(TASK INSTRUCTIONS): Though the entries hold pictures, only their text should be duplicated, exactly and in full.

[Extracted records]
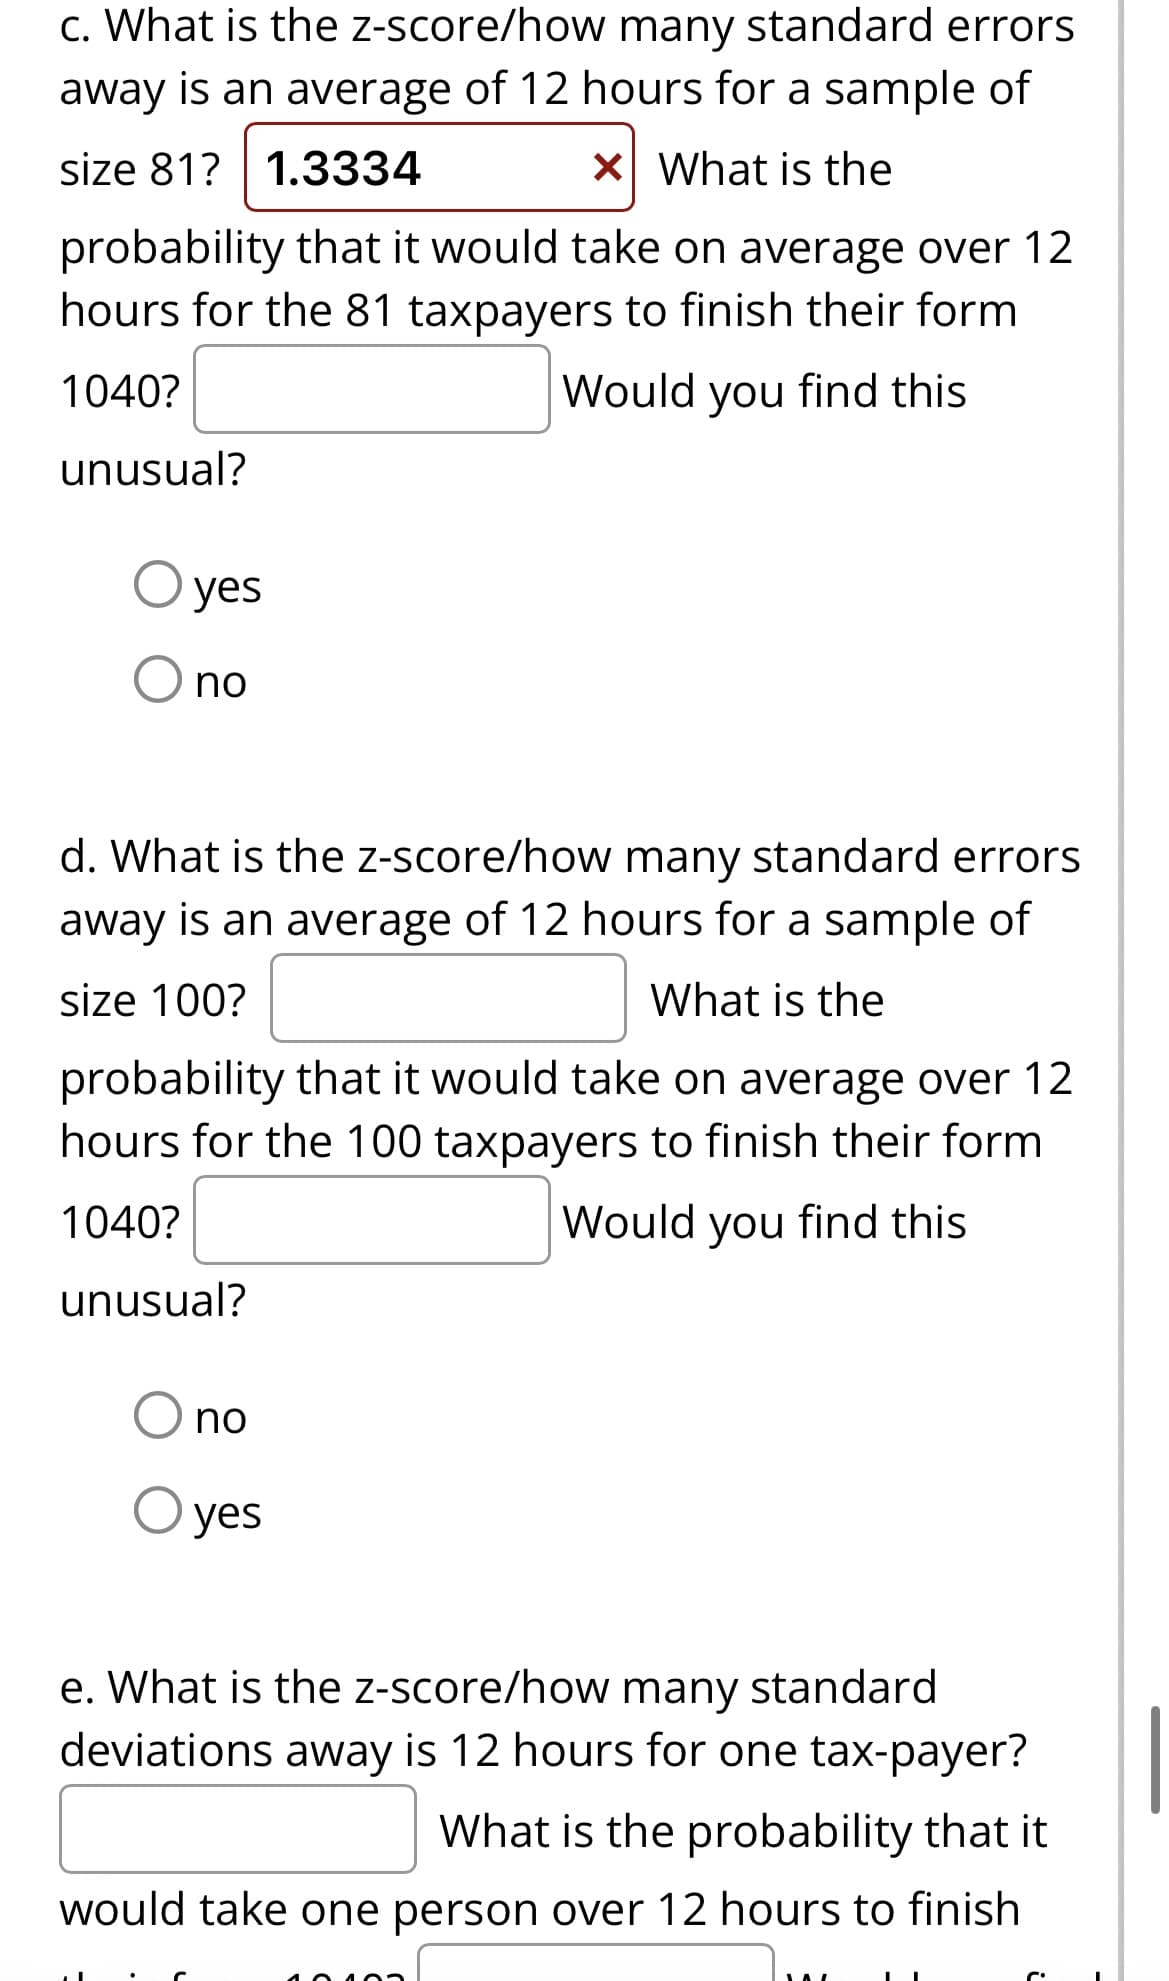 c. What is the
z-score/how many standard errors.
away is an average of 12 hours for a sample of
size 81? 1.3334
x What is the
probability that it would take on average over 12
hours for the 81 taxpayers to finish their form
1040?
Would you find this
unusual?
yes
no
d. What is the z-score/how many standard errors
away is an average of 12 hours for a sample of
size 100?
What is the
probability that it would take on average over 12
hours for the 100 taxpayers to finish their form
1040?
Would you find this
unusual?
O no
O yes
e. What is the z-score/how many standard
deviations away is 12 hours for one tax-payer?
What is the probability that it
would take one person over 12 hours to finish

(SOLUTION BELOW):
 c. What is the
z-score/how many standard errors.
away is an average of 12 hours for a sample of
size 81? 1.3334
x What is the
probability that it would take on average over 12
hours for the 81 taxpayers to finish their form
1040?
Would you find this
unusual?
yes
no
d. What is the z-score/how many standard errors
away is an average of 12 hours for a sample of
size 100?
What is the
probability that it would take on average over 12
hours for the 100 taxpayers to finish their form
1040?
Would you find this
unusual?
O no
O yes
e. What is the z-score/how many standard
deviations away is 12 hours for one tax-payer?
What is the probability that it
would take one person over 12 hours to finish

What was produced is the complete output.